2. The method according to claim 1 , wherein the step of identifying a representative opening degree, OD rep , comprises identifying a maximum opening degree, OD max , as the largest opening degree among the obtained opening degree(s) of the expansion device(s).
3. The method according to claim 1 , wherein the step of calculating or adjusting a minimum setpoint value, SP rec , comprises reducing the minimum setpoint value, SP rec , in the case that the representative opening degree, OD rep , is smaller than the target opening degree, OD target .

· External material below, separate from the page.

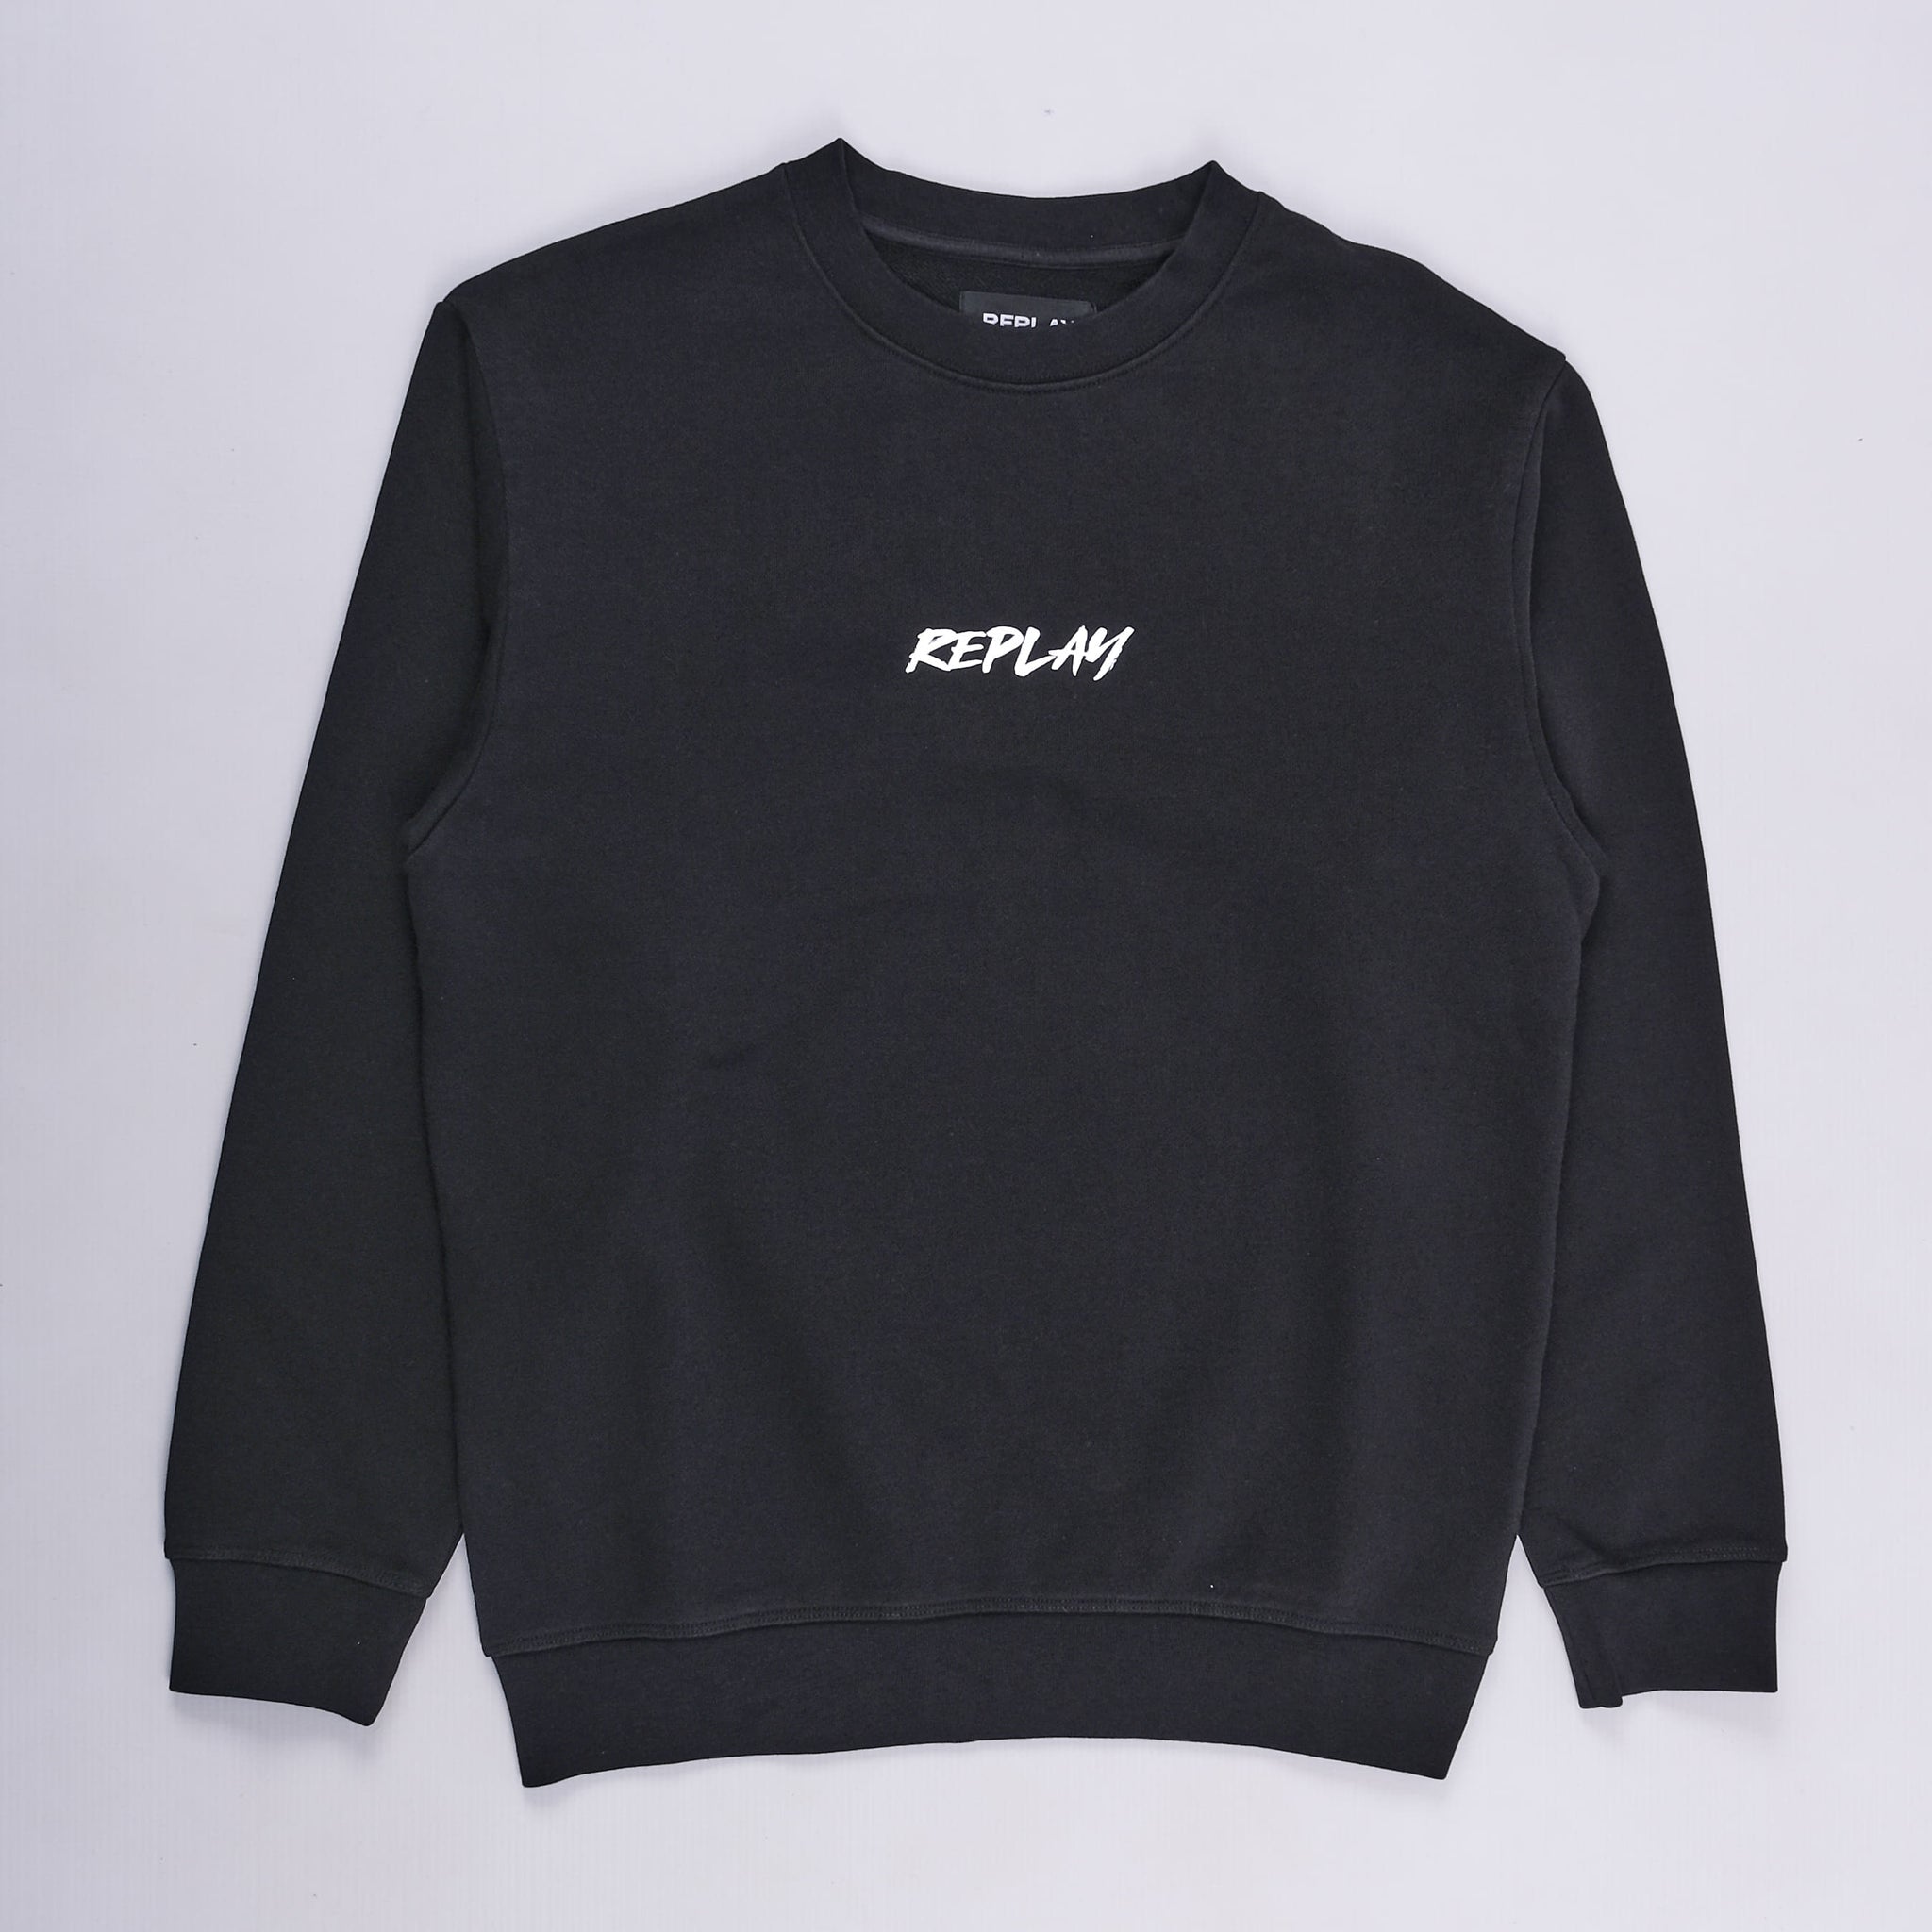 Ever Winner Sweater (Black)

4. The method according to claim 1 , wherein the step of calculating or adjusting a minimum setpoint value, SP rec , comprises increasing the minimum setpoint value, SP rec , in the case that the representative opening degree, OD rep , is larger than the target opening degree, OD target .
5. The method according to claim 1 , wherein a gaseous outlet of the receiver is connected to an inlet of the compressor unit via a bypass valve, and wherein the step of controlling the vapour compression system comprises controlling the pressure prevailing inside the receiver by operating the bypass valve.

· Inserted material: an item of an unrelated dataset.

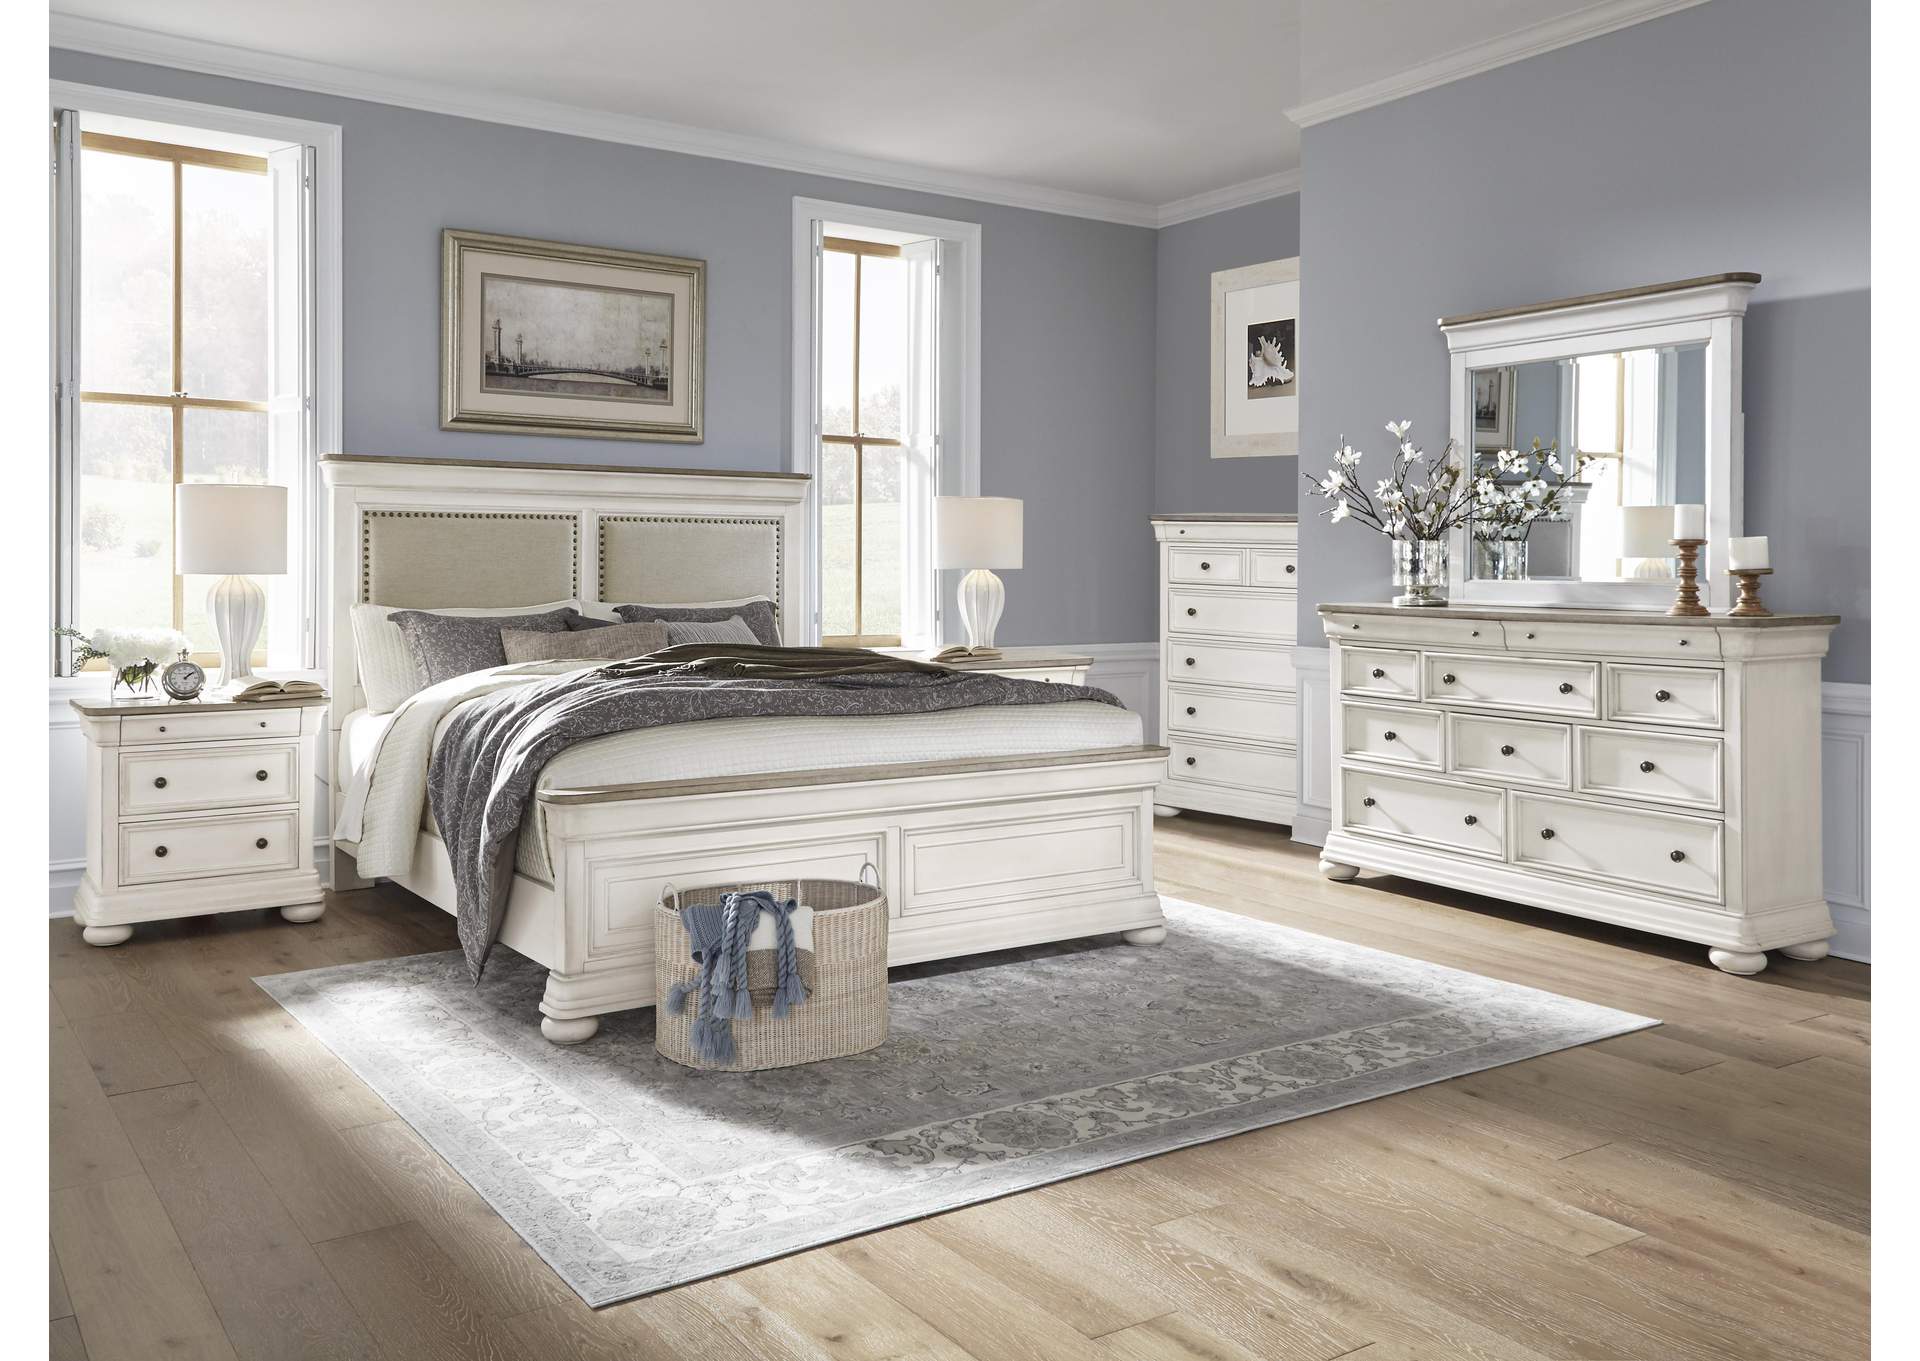 6 Piece Queen Bedroom Set - White,Pulaski Furniture

6. The method according to claim 1 , wherein the compressor unit comprises one or more main compressors connected between an outlet of the evaporator(s) and an inlet of the heat rejecting heat exchanger, and one or more receiver compressors connected between a gaseous outlet of the receiver and an inlet of the heat rejecting heat exchanger, and wherein the step of controlling the vapour compression system comprises controlling the pressure prevailing inside the receiver by controlling a refrigerant supply to the receiver compressor(s).
7. The method according to claim 1 , wherein the vapour compression system further comprises an ejector, an outlet of the heat rejecting heat exchanger being connected to a primary inlet of the ejector, an outlet of the ejector being connected to the receiver, and an outlet of the at least one evaporator being connected to an inlet of the compressor unit and to a secondary inlet of the ejector.
8. The method according to claim 2 , wherein the step of calculating or adjusting a minimum setpoint value, SP rec , comprises reducing the minimum setpoint value, SP rec , in the case that the representative opening degree, OD rep , is smaller than the target opening degree, OD target .
9. The method according to claim 2 , wherein the step of calculating or adjusting a minimum setpoint value, SP rec , comprises increasing the minimum setpoint value, SP rec , in the case that the representative opening degree, OD rep , is larger than the target opening degree, OD target .
10. The method according to claim 3 , wherein the step of calculating or adjusting a minimum setpoint value, SP rec , comprises increasing the minimum setpoint value, SP rec , in the case that the representative opening degree, OD rep , is larger than the target opening degree, OD target .
11. The method according to claim 2 , wherein a gaseous outlet of the receiver is connected to an inlet of the compressor unit, via a bypass valve, and wherein the step of controlling the vapour compression system comprises controlling the pressure prevailing inside the receiver by operating the bypass valve.
12. The method according to claim 3 , wherein a gaseous outlet of the receiver is connected to an inlet of the compressor unit, via a bypass valve, and wherein the step of controlling the vapour compression system comprises controlling the pressure prevailing inside the receiver by operating the bypass valve.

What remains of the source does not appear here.